13 In a single judge decision in Davis v Minister for Immigration and Multicultural and Indigenous Affairs [2004] FCA 686 Dowsett J said:
‘The applicant and Mr Davis had been living together for more than six months at the relevant time. The Tribunal was aware of the evidentiary significance of this fact and referred to it expressly in its reasons. See para 39. However that provision did not fetter the power of the tribunal to determine the weight to be given to other evidence. Even in the absence of a provision such as subregulation 1.1(5)A(5), it would obviously be necessary to give great weight to the fact that the parties had lived together for a substantial period of time prior to the application. There is no reason to believe that the Tribunal did not do so.
14 Then in Lumanovska v Minister for Immigration and Multicultural and Indigenous Affairs [2003] FCA 1321, an earlier decision of Gray J, his Honour said at [17]:
‘It is plain from an examination of the passage from the Tribunal’s reasons that I have already quoted that the Tribunal did precisely what was required by reg 1.15A(5). In the heading to that portion of its reasons for judgment, the Tribunal expressly noted that subreg (5) provided that living together at the same address for six months or longer is to be taken to be strong evidence that a relationship is genuine and continuing. It then proceeded to engage in the balancing exercise to see whether other evidence that it had as to the nature of the relationship outweighed this strong evidence. It recited that the parties had not lived together as husband and wife in the first four years of their marriage. While accepting that they had shared a house in Kirkham Road since February 2002, the Tribunal found it was not satisfied that the applicant and the nominator then lived together as husband and wife.’
15 In this case, the Tribunal has made express reference to the requirement of subreg 1.15A(5) that:
‘...living together at the same address for 6 months or longer is to be taken to be strong evidence that a relationship is genuine and continuing...’
However, it set against that other evidence before it and its satisfaction that that evidence established that the relationship was not genuine and continuing at the time of the application.”
It was argued that Regulation 1.15A(5) creates a statutory presumption.
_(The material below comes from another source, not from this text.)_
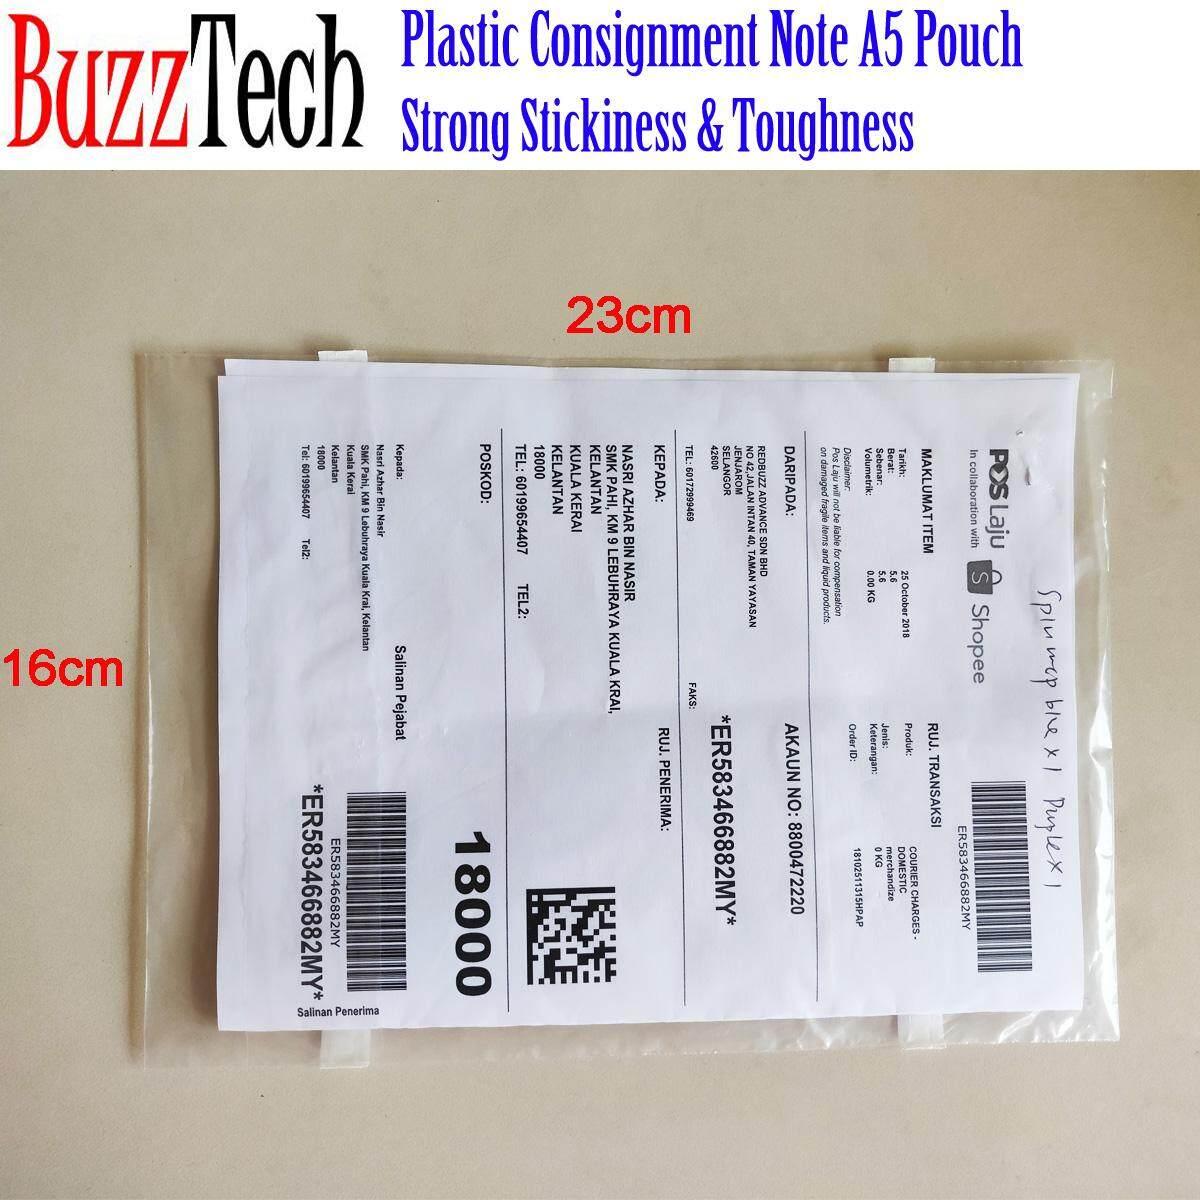 BuzzTech 100/500/1000pcs Plastic Courier Consignment Note Document A5 Pouch
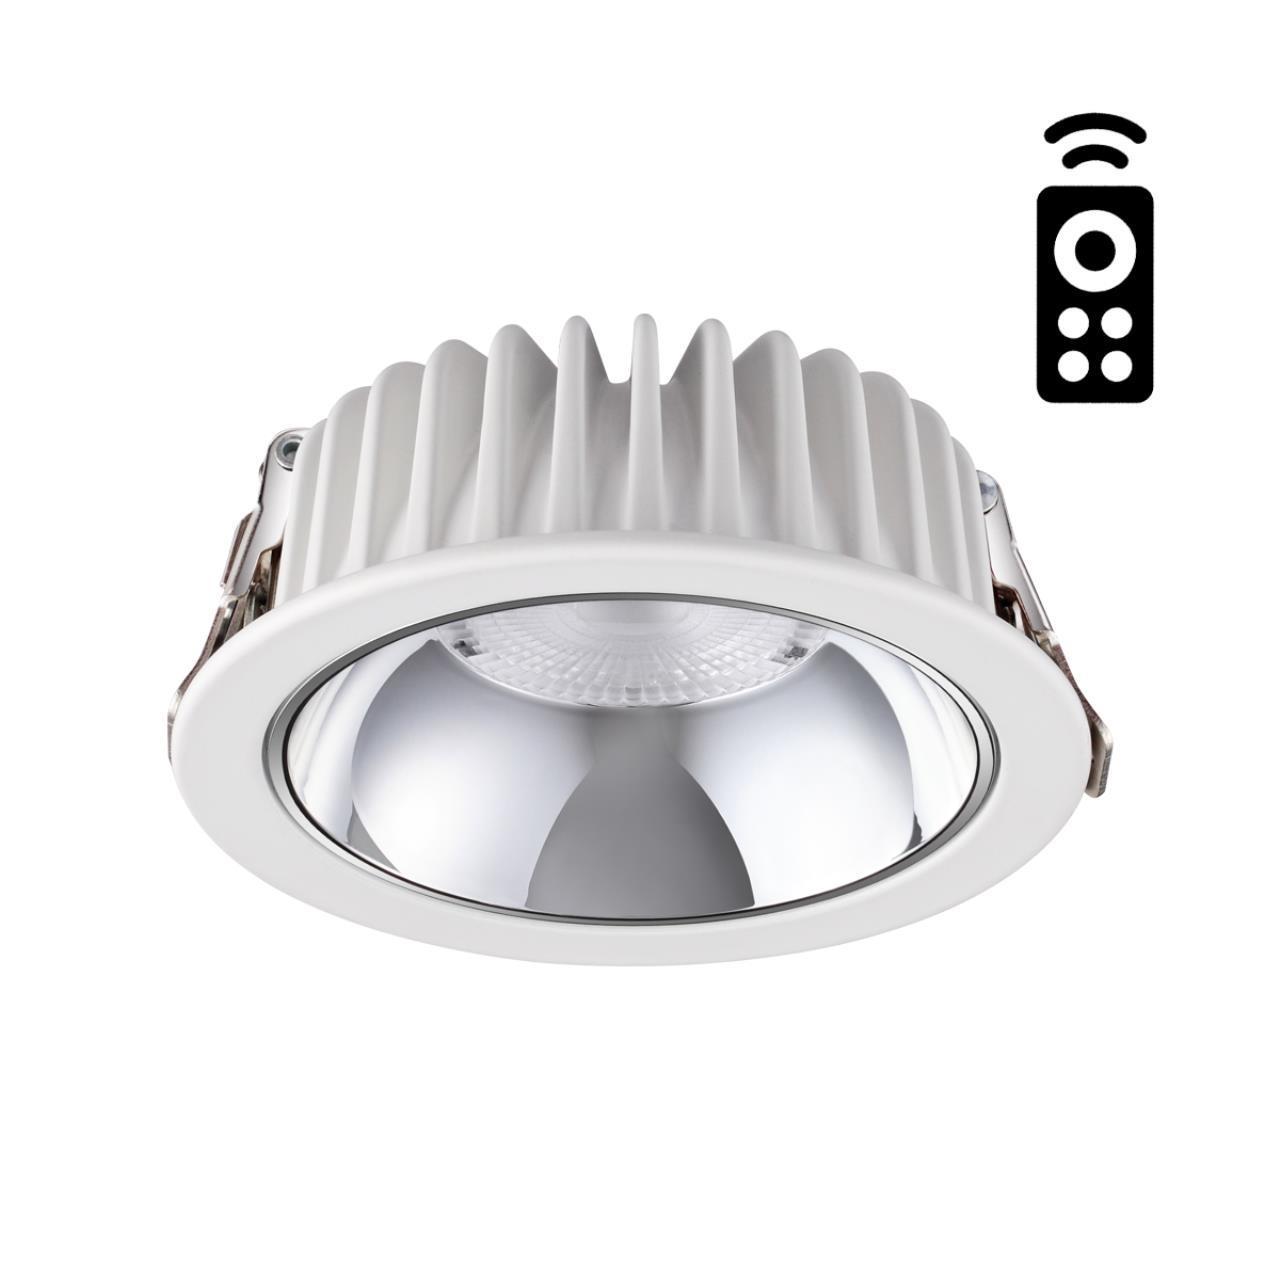 358296 SPOT NT19 000 белый Встраиваемый диммируемый светильник с пультом ДУ IP20 LED 3000-6500K 7W

In the present case it was submitted the Tribunal failed "entirely to consider the operation of s.1.15A(5) and that this amounts to jurisdictional error." Reference was made to Ho v Minister for Immigration & Anor [2006] FMCA 1285 (Ho).
During the course of submissions, counsel for the Applicant referred to the Tribunal's decision and that whilst the Tribunal had recited Regulation 1.15A(5) (Court Book p.162) it did not proceed to consider that matter as a separate or discrete issue. Rather reference was made to the duration of the relationship when considering other criteria. For example, the reference to the period of time the parties lived together in Burma appears under the heading "The nature of the household". Further, the reference in paragraphs 57 and 60 of the Tribunal decision appear under the heading, "Whether there is a mutual commitment to a shared life as husband and wife to the exclusion of all others". It was submitted this was not sufficient when dealing with the requirements of Regulation 1.15A(5).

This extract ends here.